[What this task involves]
Everything from the line containing "Rubber Duck Canvas" to the end of the listing, both included, should be returned exactly, apart from the pictures.

[Provided data]

+ + + + + + +

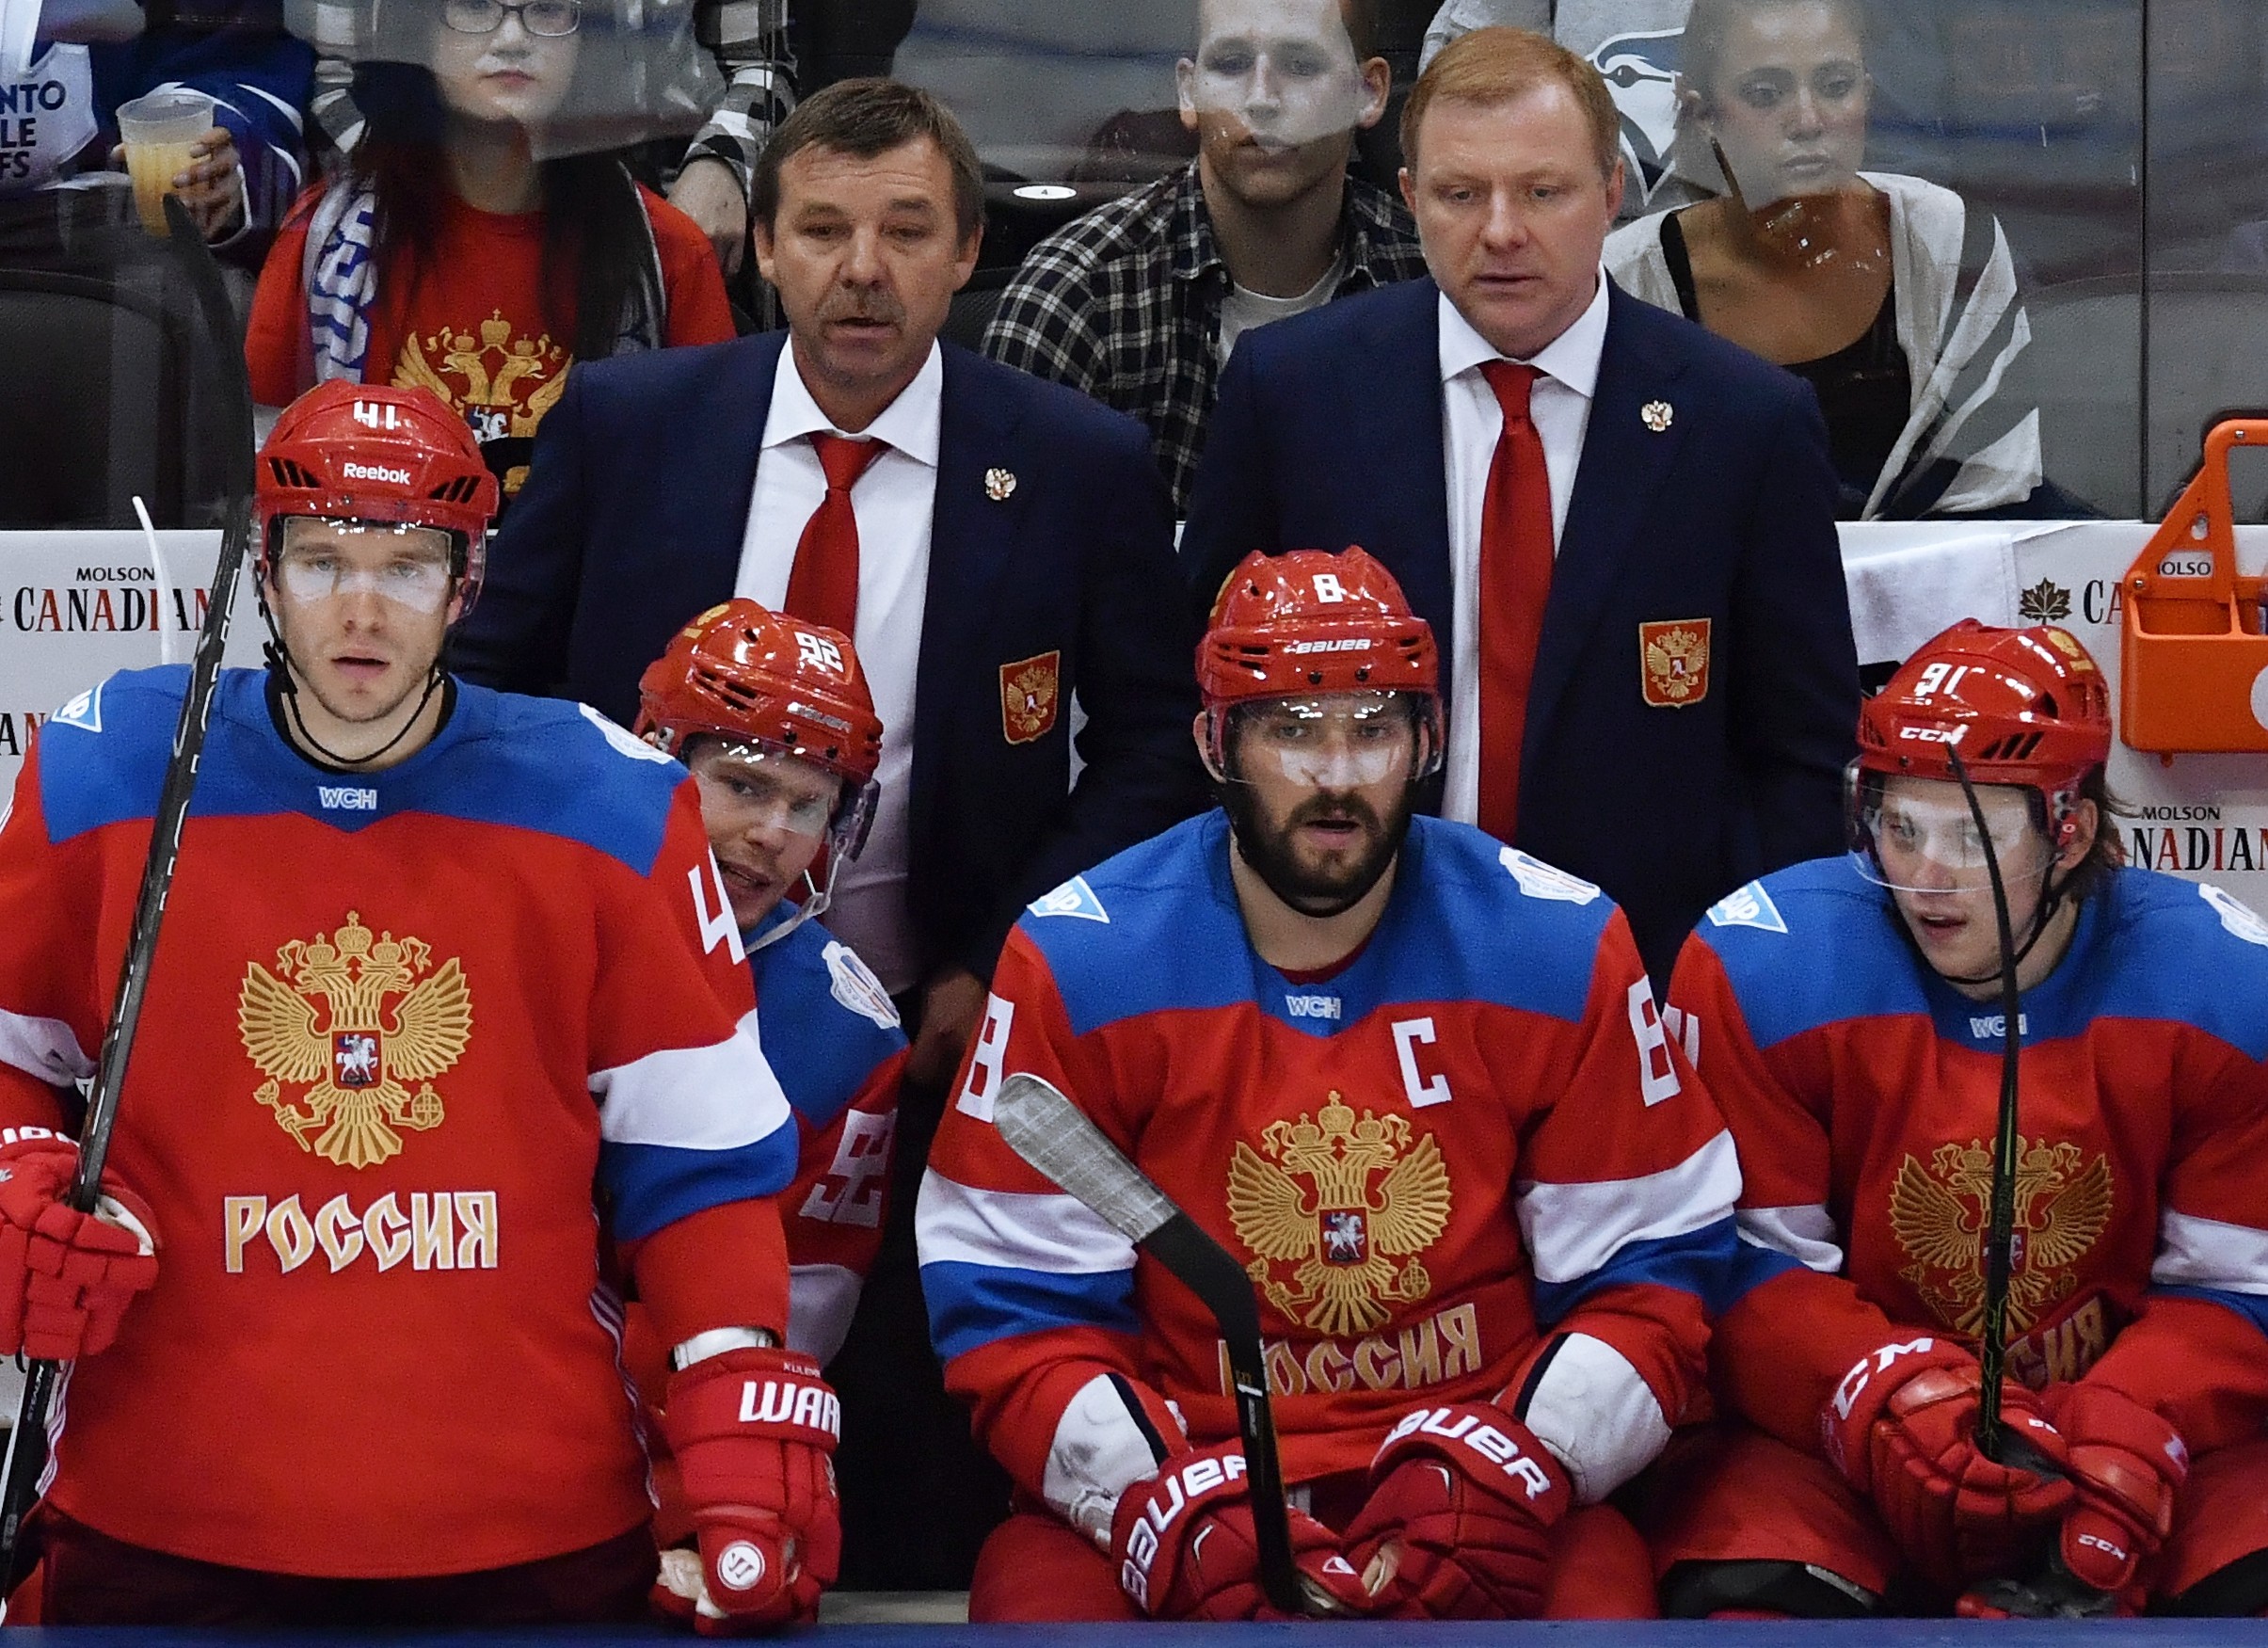 Сборная России на Кубке мира 2016 года вылетела в полуфинале, уступив Канаде. Фото: © РИА Новости/Алексей Куденко
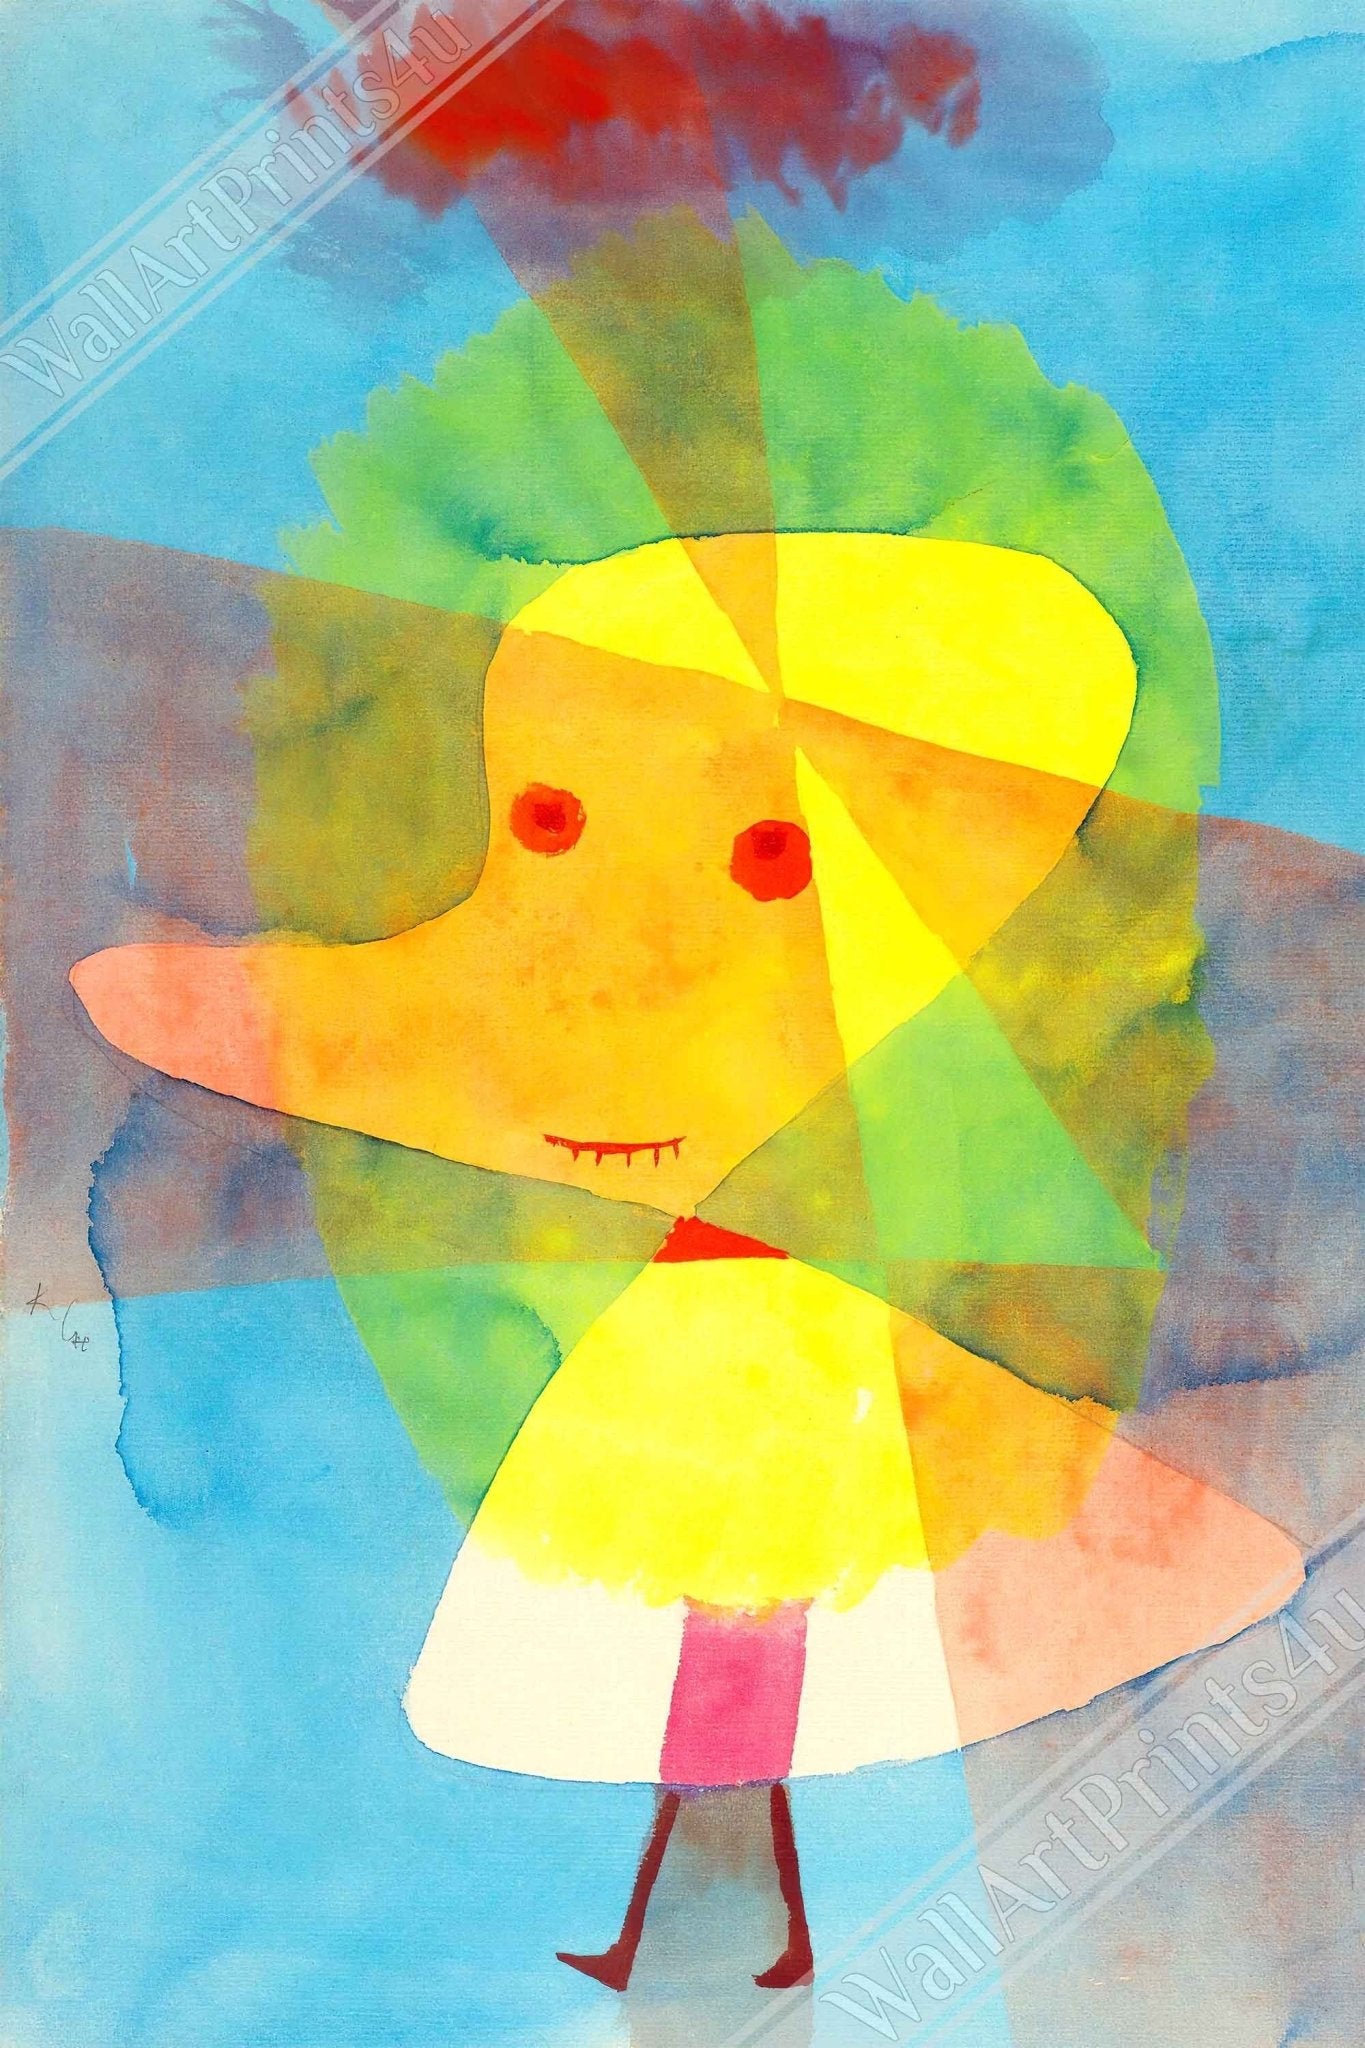 Rubber Duck Canvas Print, Paul Klee Small Garden Ghost Canvas, Paul Klee Canvass Abstract Art - WallArtPrints4U
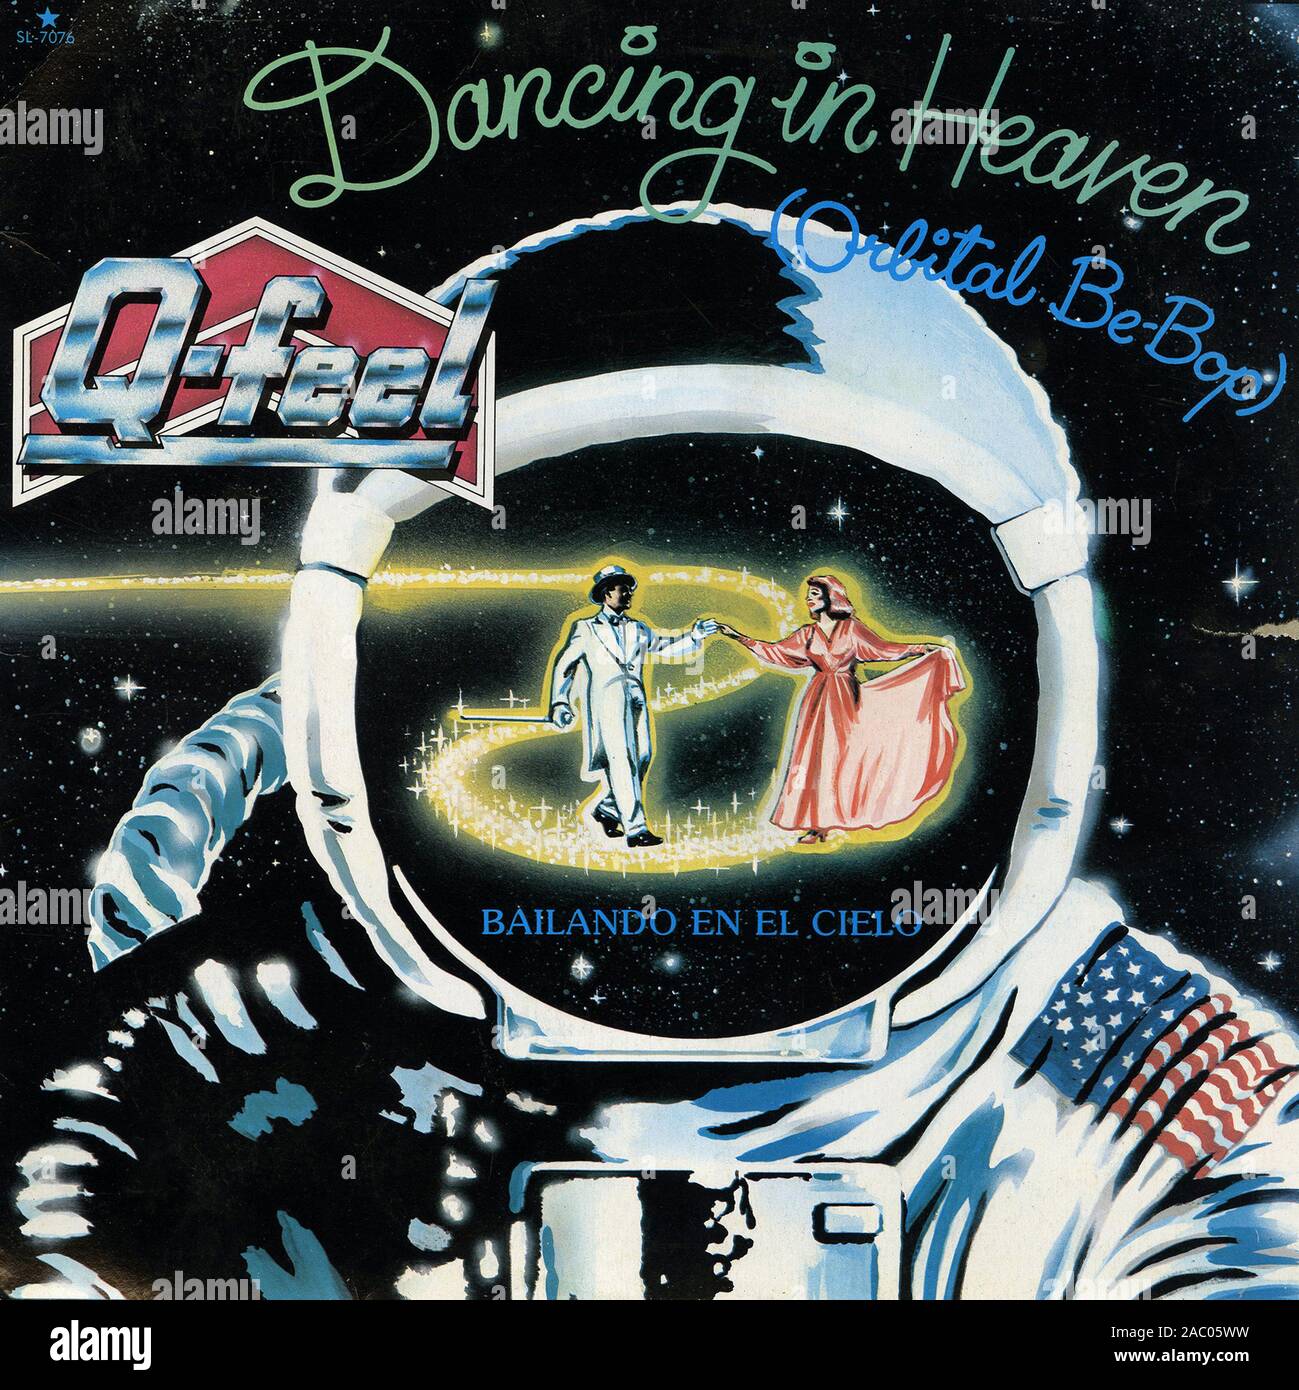 Dancing In Heaven (Orbital Be-Bop)   Bailando En El Cielo   - Vintage vinyl album cover Stock Photo

+ + + + + + +

[Answer box]
 Rubber Duck Canvas Print, Paul Klee Small Garden Ghost Canvas, Paul Klee Canvass Abstract Art - WallArtPrints4U
 Dancing In Heaven (Orbital Be-Bop)   Bailando En El Cielo   - Vintage vinyl album cover Stock Photo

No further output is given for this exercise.